An empirical analysis of option pricing with short sell bans
International Journal of Theoretical and Applied Finance
Short sell bans are often imposed during a financial crisis as a desperate measure to stabilize financial markets. Yet, the impact of short sell bans on option pricing and hedging is not well studied, at least quantitatively, until very recently when Guo Zhu [(2017) Equal risk pricing under convex trading constraints, Journal of Economic Dynamics and Control 76, 136-151] and He Zhu [(2020) A revised option pricing formula with the underlying being banned from short selling, Quantitative Finance 20 (6), 935-948] formulated a new pricing framework with the underlying being either completely or partially banned from short selling. However, no empirical results were provided to substantiate the usefulness of the formulae, as well as to deepen our understanding on the effects of short sell bans.

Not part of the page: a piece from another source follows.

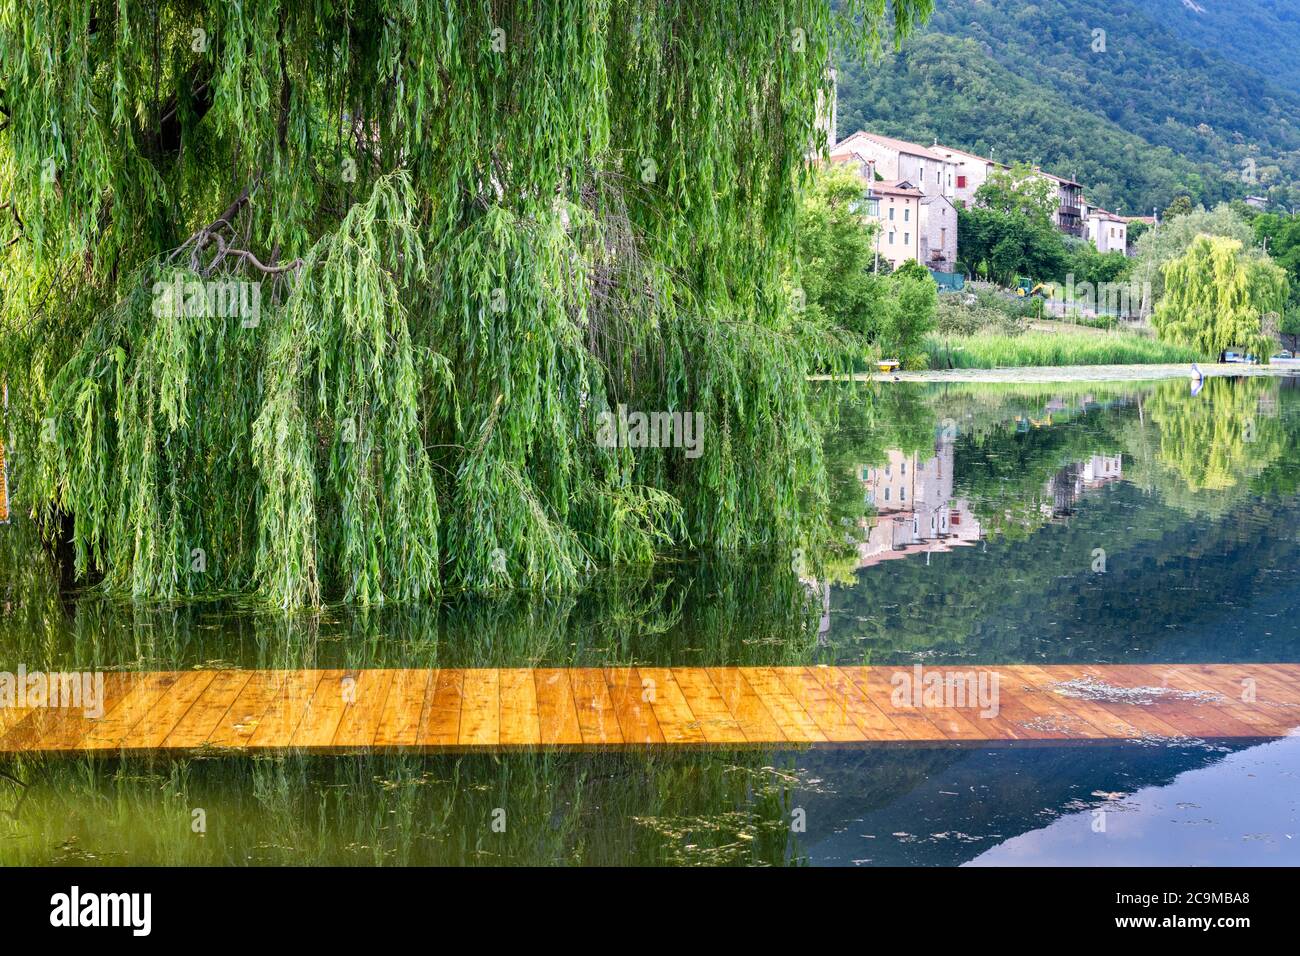 Village and willow reflecting on the lake with the pier submerged in the water. View from the shore of Lago di Lago, Revine Lago, Treviso, Italy Stock Photo

This paper provides a comprehensive empirical study on the effects of short sell bans to the standard option pricing theory by carrying out both cross-sectional and options time series model calibration of the model devised by He Zhu (2020) [A revised option pricing formula with the underlying being banned from short selling, Quantitative Finance 20 (6), 935-948]. Overall, our empirical results indicate that the alternative option pricing formula considering short sell restrictions has the ability to capture highly-quoted implied volatility, with an evident improvement of 39% out-of-sample performance compared to the benchmark Black-Scholes model during the period of short sell ban.